New Sunflower Lines Resist Fungal Disease
By Jan Suszkiw
August 3, 2007 Three new germplasm lines are now
available for breeding elite sunflower hybrids that will resist downy mildew
and produce oil rich in oleic fatty acid.
Agricultural Research Service (ARS)
and North Dakota Agricultural Experiment Station (NDAES) scientists in Fargo
jointly developed, tested and released the new sunflower lines, dubbed HA 458,
HA 459 and HA 460. Besides resistance to the fungus Plasmopara
halstedii, which causes downy mildew, the sunflower lines are being
released for their high levels of oleic fatty acid, which imparts desirable
flavor, frying characteristics and other traits to oil.
The downy mildew fungus attacks sunflowers as both seedlings and mature
plants, causing white cottony growths in the young plants, and large, clublike
roots and stunted growth in the older ones.

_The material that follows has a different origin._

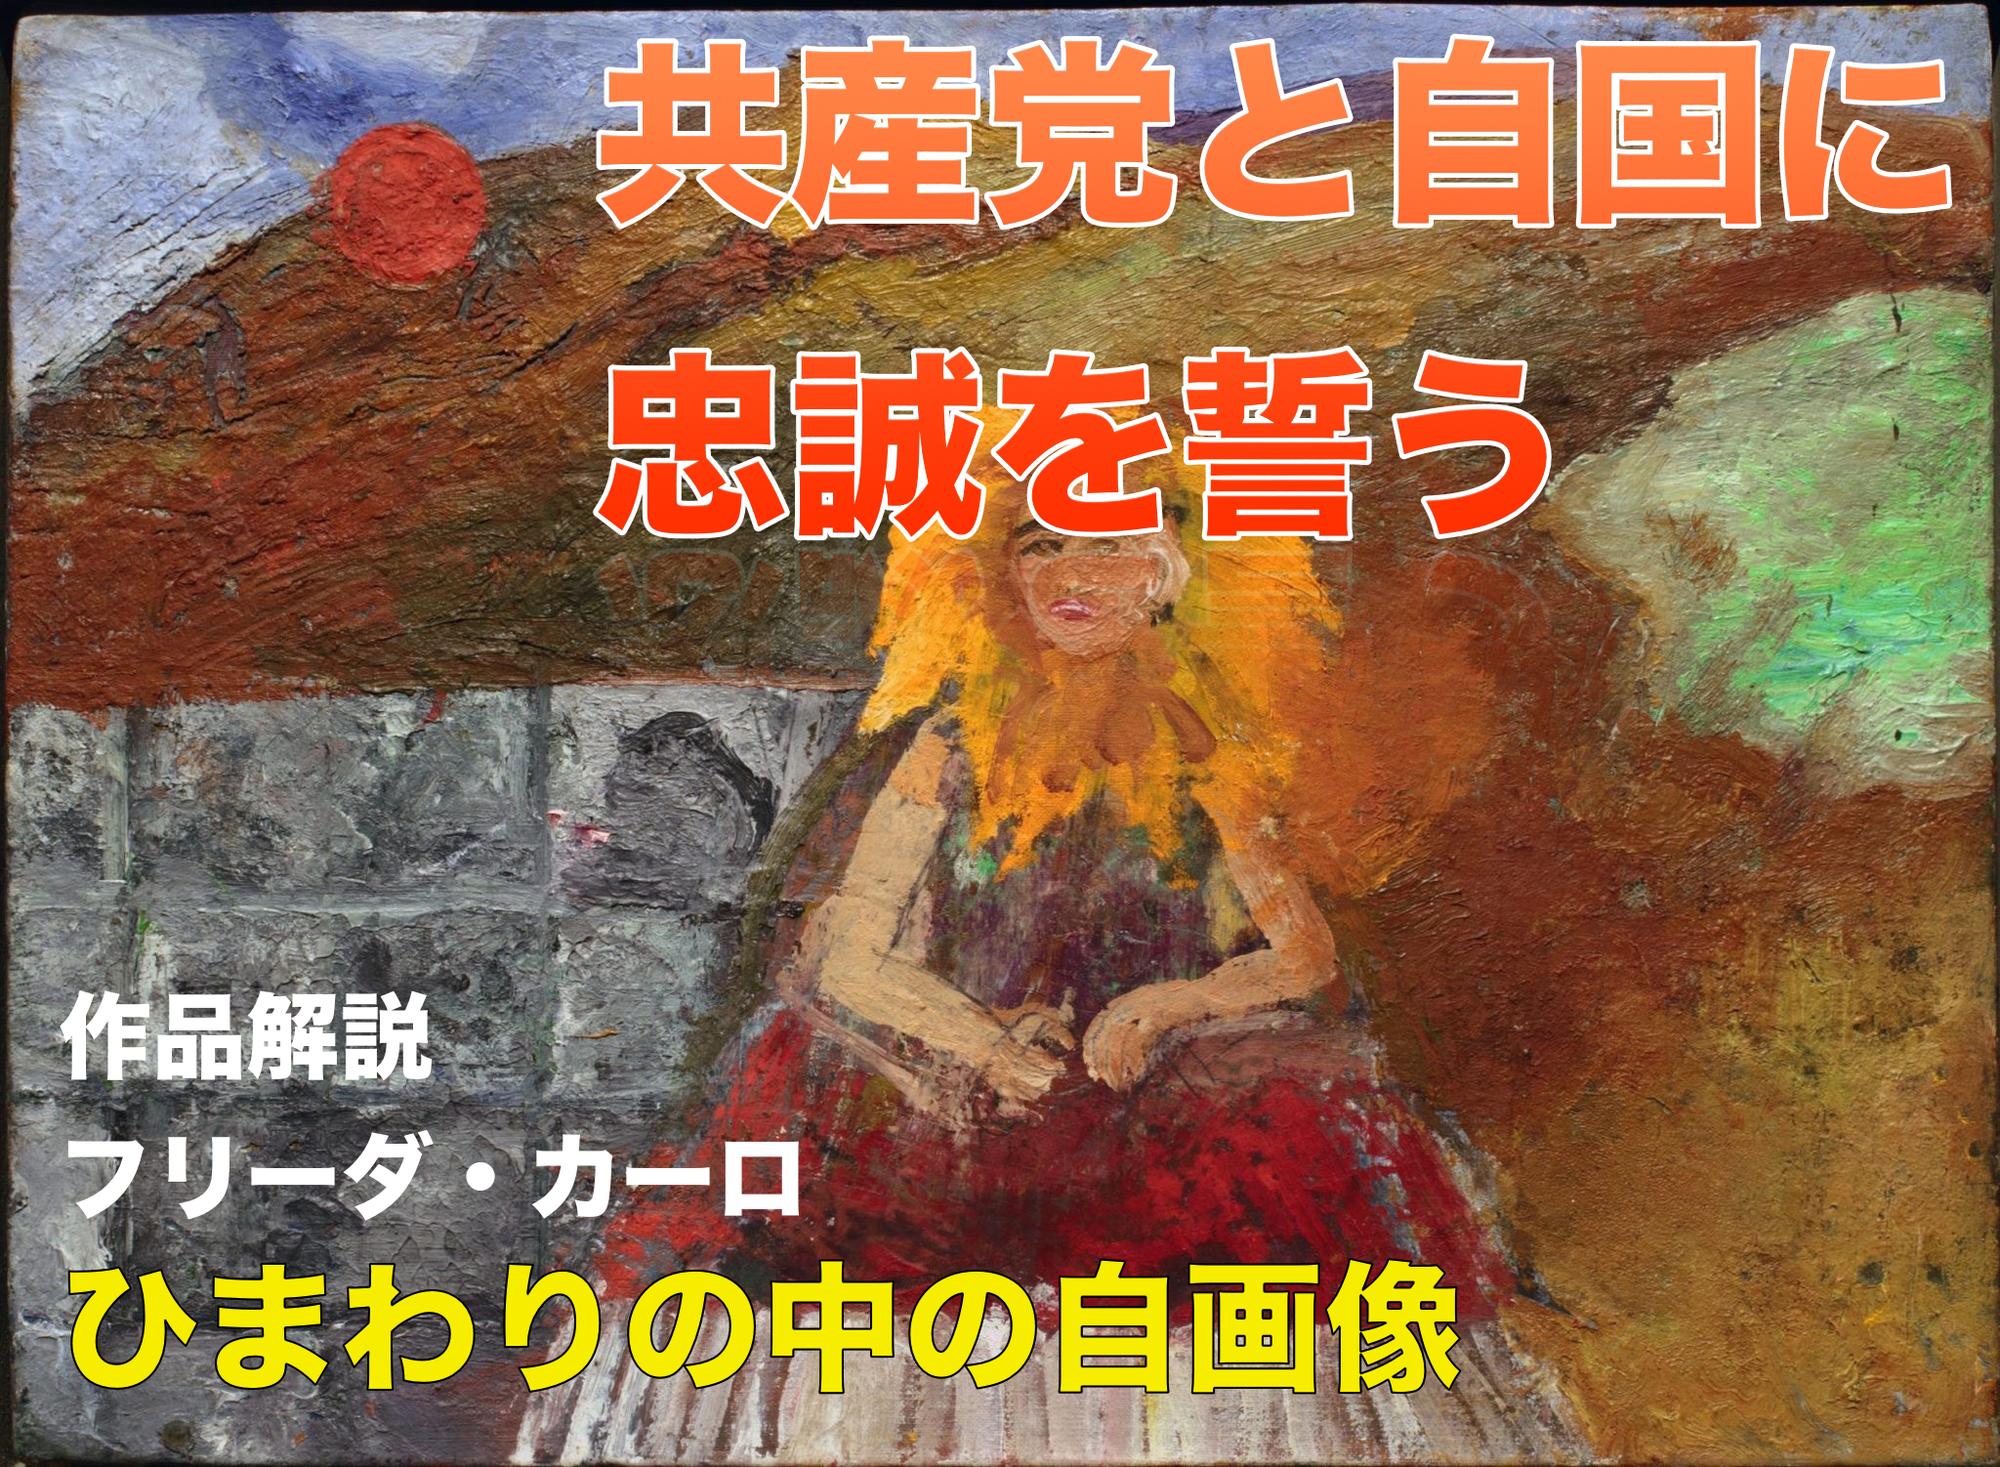 【作品解説】フリーダ・カーロ「ひまわりの中の自画像」

Until recently, sunflower growers kept mildew in check by planting seed
treated with metalaxyl, but the fungus has become resistant to this fungicide.

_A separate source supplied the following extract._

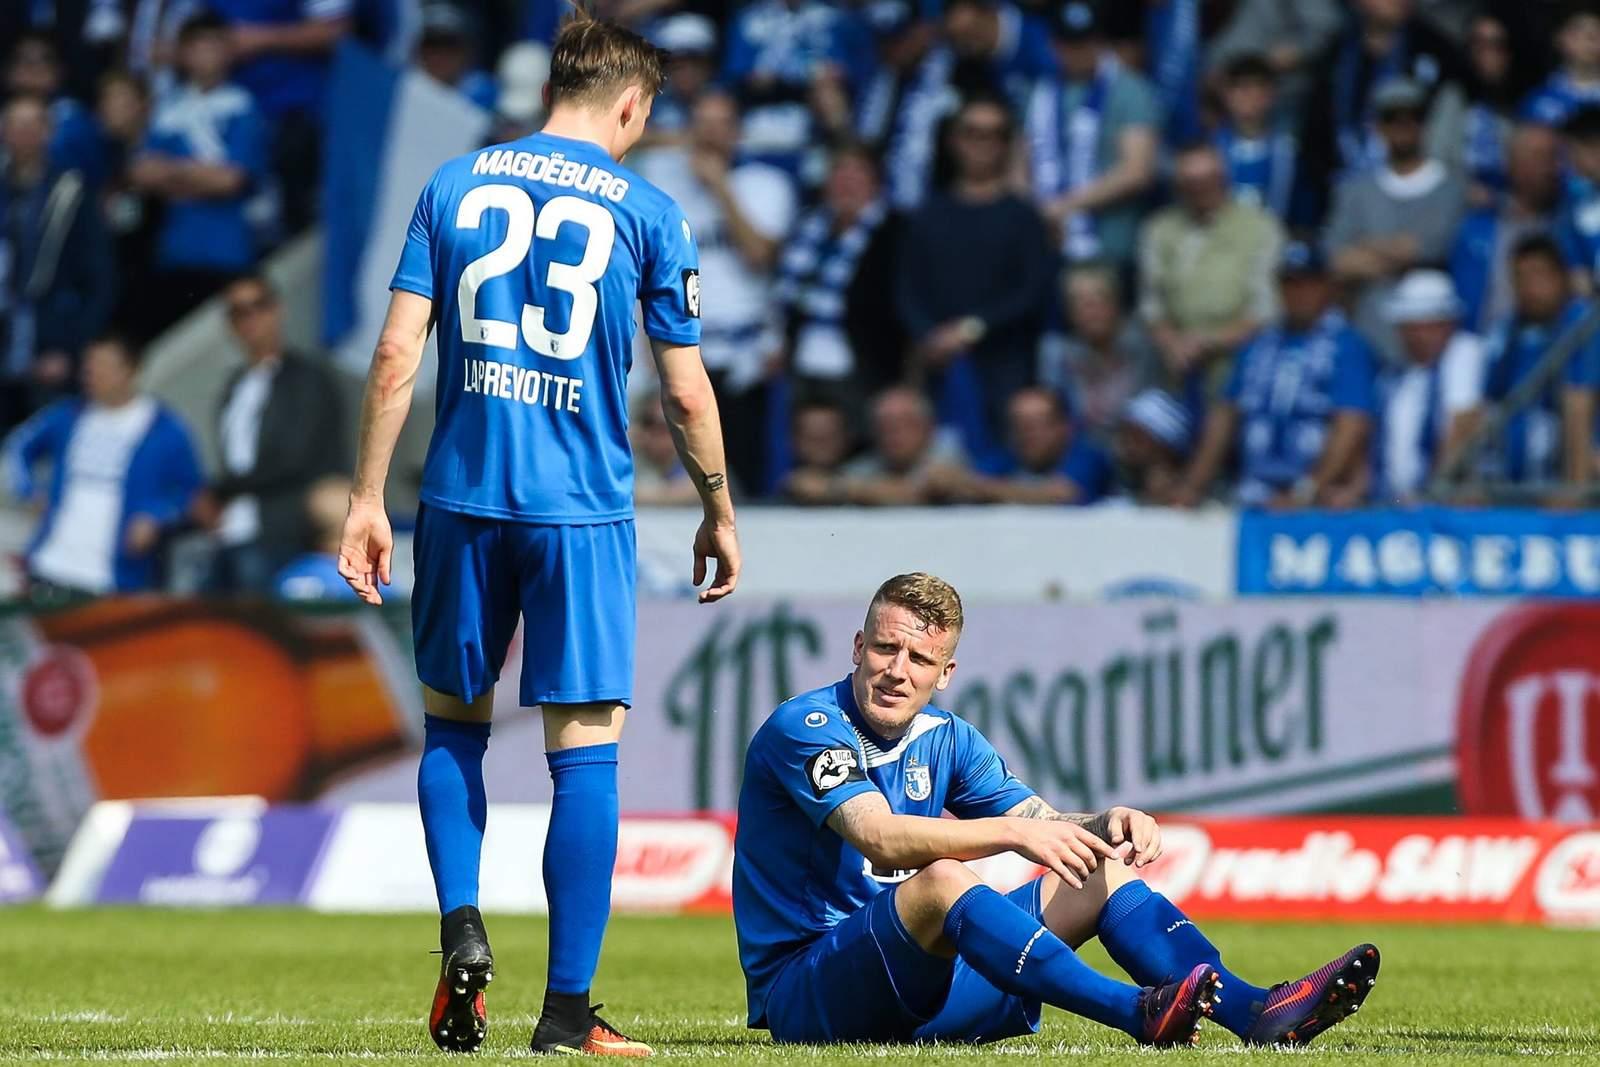 Charles-Elie Laprevotte und Richard Weil vom 1. FC Magdeburg.

Seed company breeders scrambled to develop downy-mildew-resistant hybrids,
making these new germplasm releases invaluable. The emergence of virulent new
downy mildew racesfrom two before 2003 to 15 currentlyhas spurred
the need for hybrids with new sources of disease resistance, notes
Tom
Gulya. He's a plant pathologist in the ARS Sunflower Research Unit (SRU)
at Fargo.
Gulya assisted SRU geneticist Jerry Miller, now retired, in developing HA
458, HA 459 and HA 460 by crossing elite sunflower lines with wild sunflowers
collected from Idaho and Texas by SRU botanist
Gerald
Seiler over the past 20 years. Jack Rasmussen of NDAES collaborated with
them.
In repeated field and greenhouse tests at Fargo, all three lines resisted
the most virulent races of downy mildew fungus found in North America. HA 458
and HA 460 also withstood a French race not yet found in America. Oil extracted
from HA 458 and HA 459 averaged 86.5 percent and 87.3 percent oleic acid,
respectively. Oil from HA 460 had 88.8 percent oleic acid.
SRU research leader
Brady
Vick is filling seed requests.
ARS is the U.S. Department of
Agriculture's chief scientific research agency.